◆ Given data:
+++++

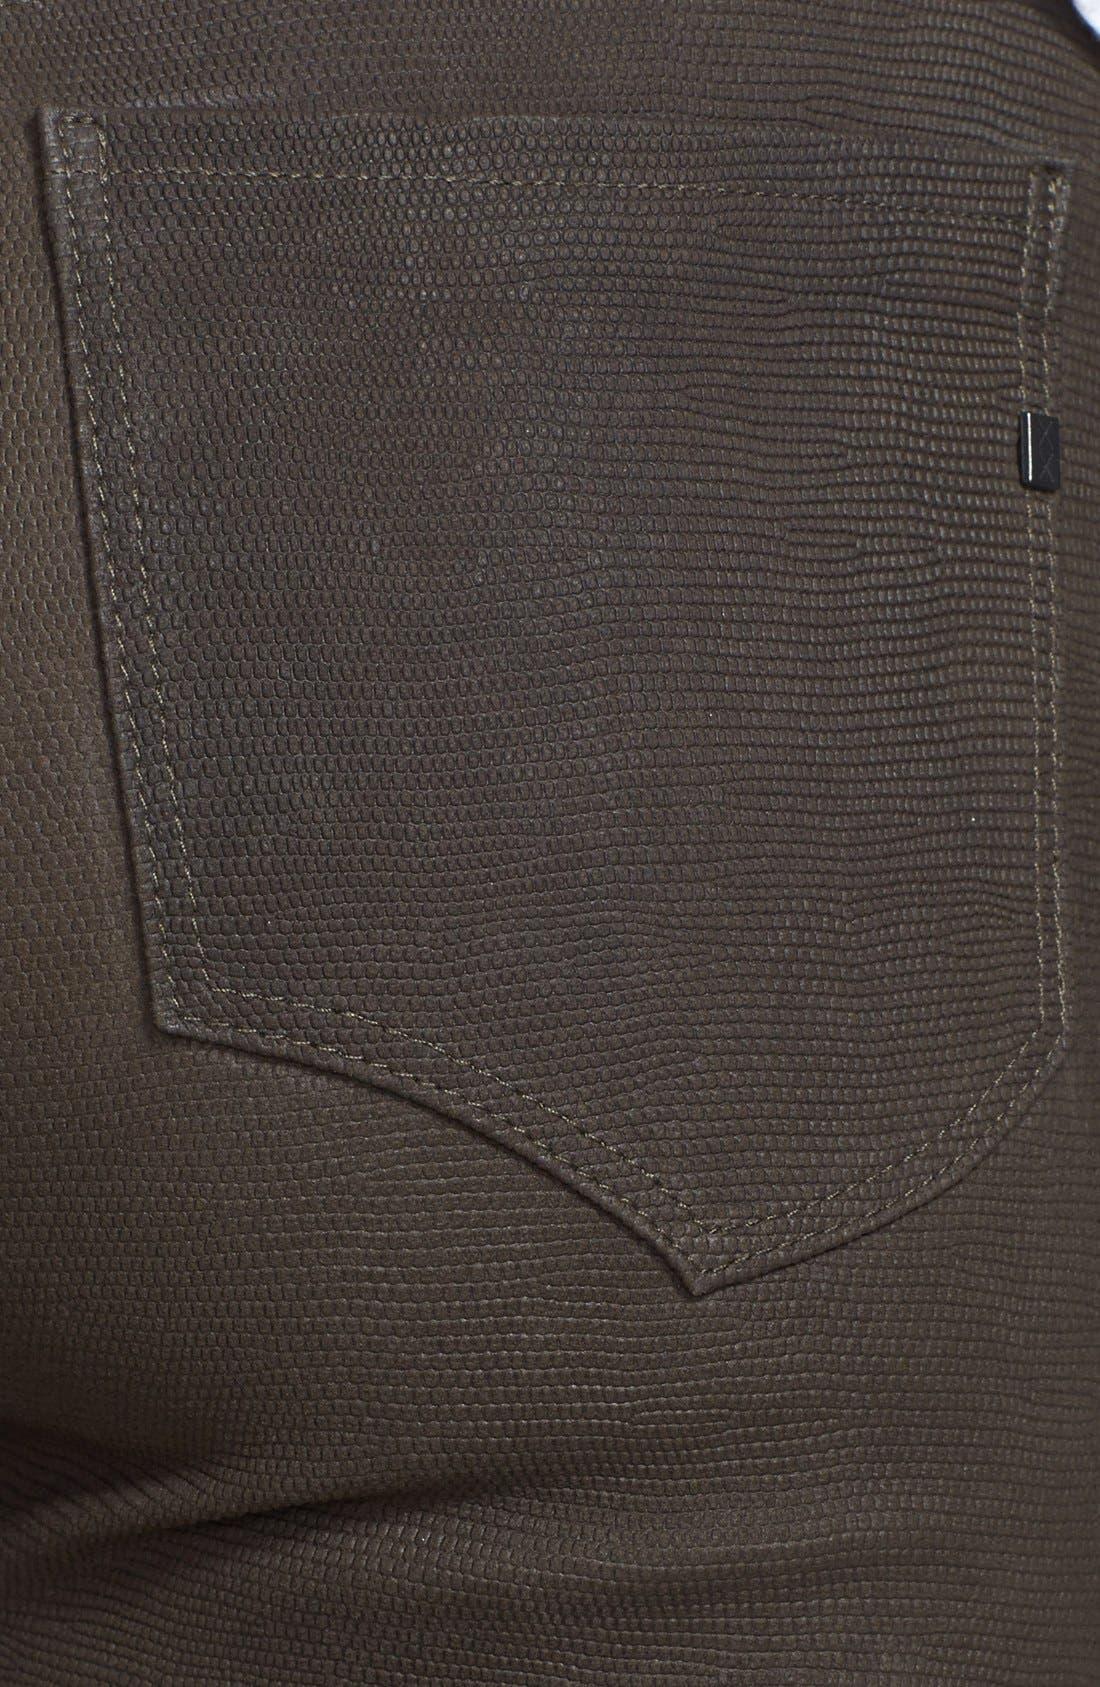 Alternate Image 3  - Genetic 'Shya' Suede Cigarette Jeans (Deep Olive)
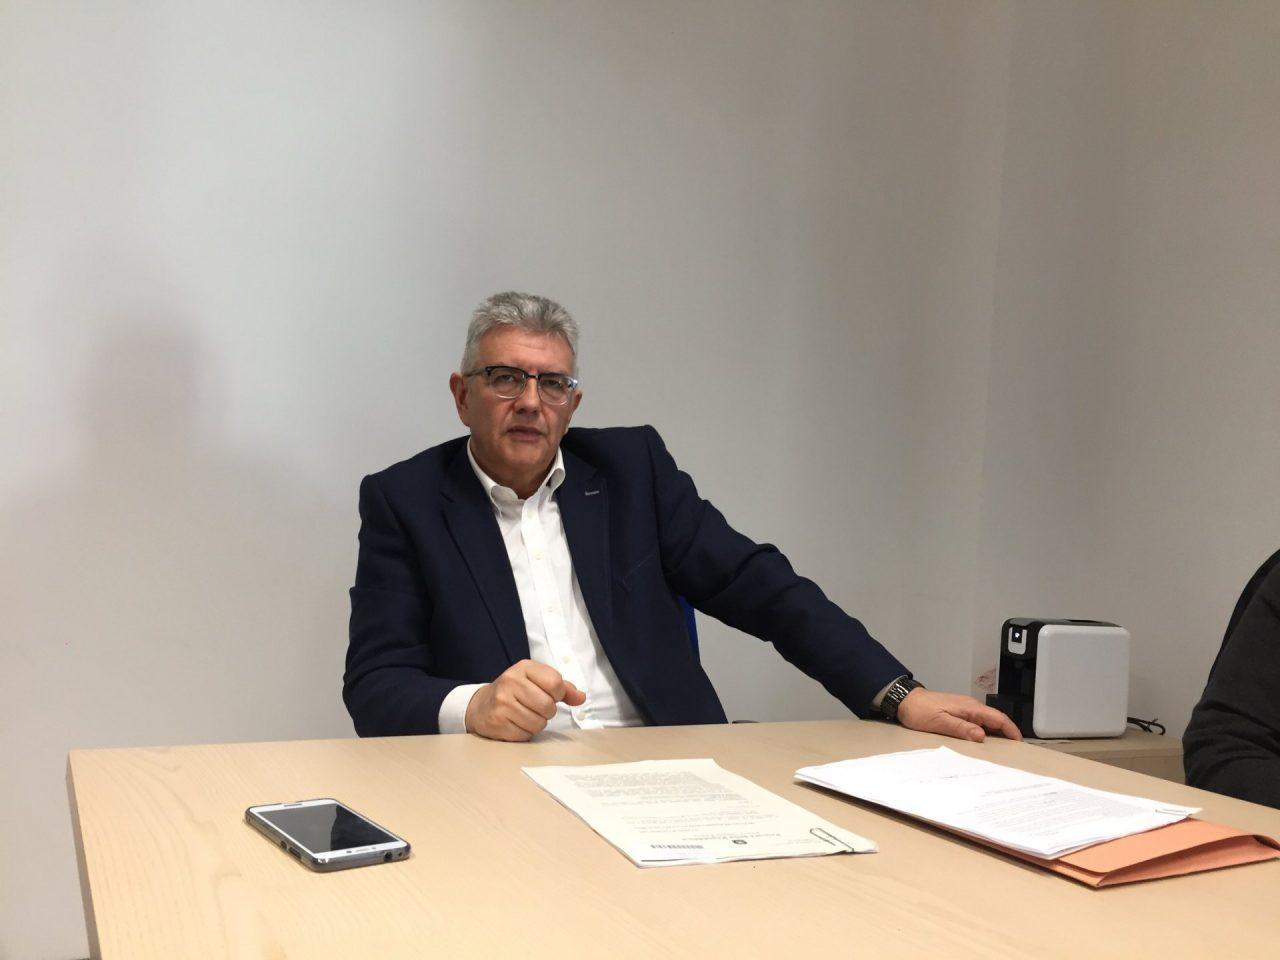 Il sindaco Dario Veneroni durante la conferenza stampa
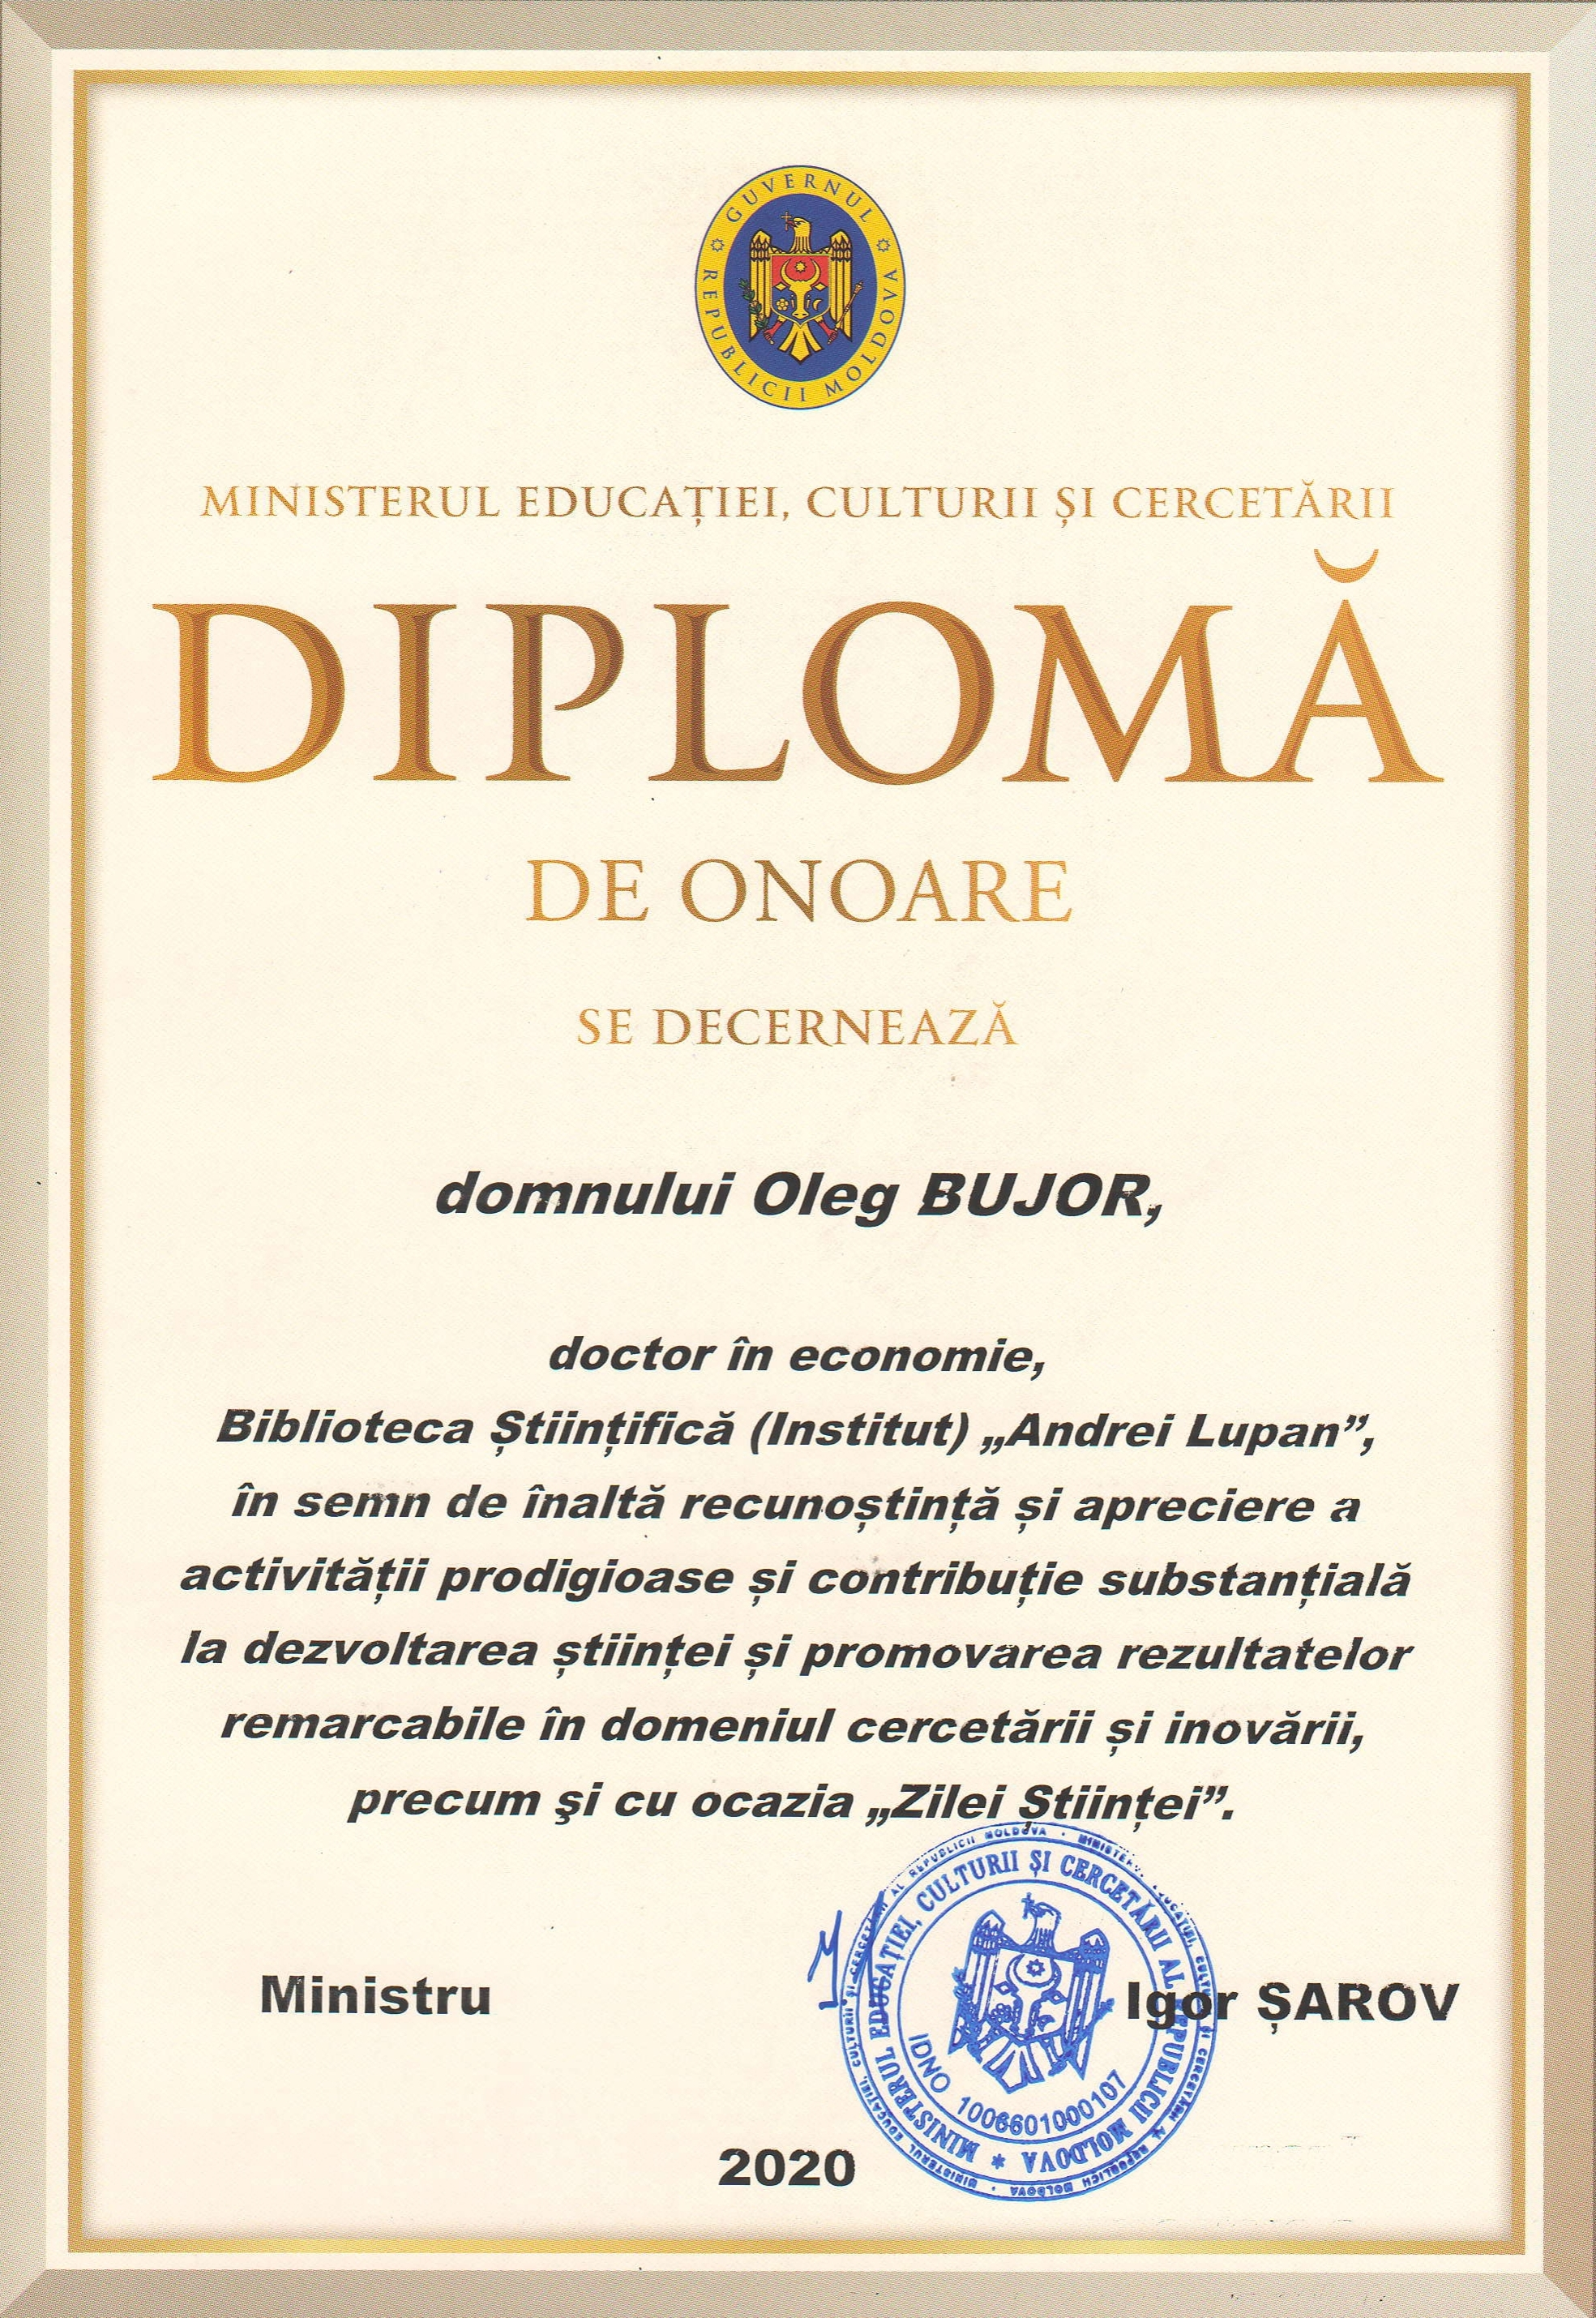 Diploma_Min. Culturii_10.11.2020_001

+++++

◆ To do: Without including any pictures, copy every line above exactly.

◆ Response area:
 Alternate Image 3  - Genetic 'Shya' Suede Cigarette Jeans (Deep Olive)
 Il sindaco Dario Veneroni durante la conferenza stampa
 Diploma_Min. Culturii_10.11.2020_001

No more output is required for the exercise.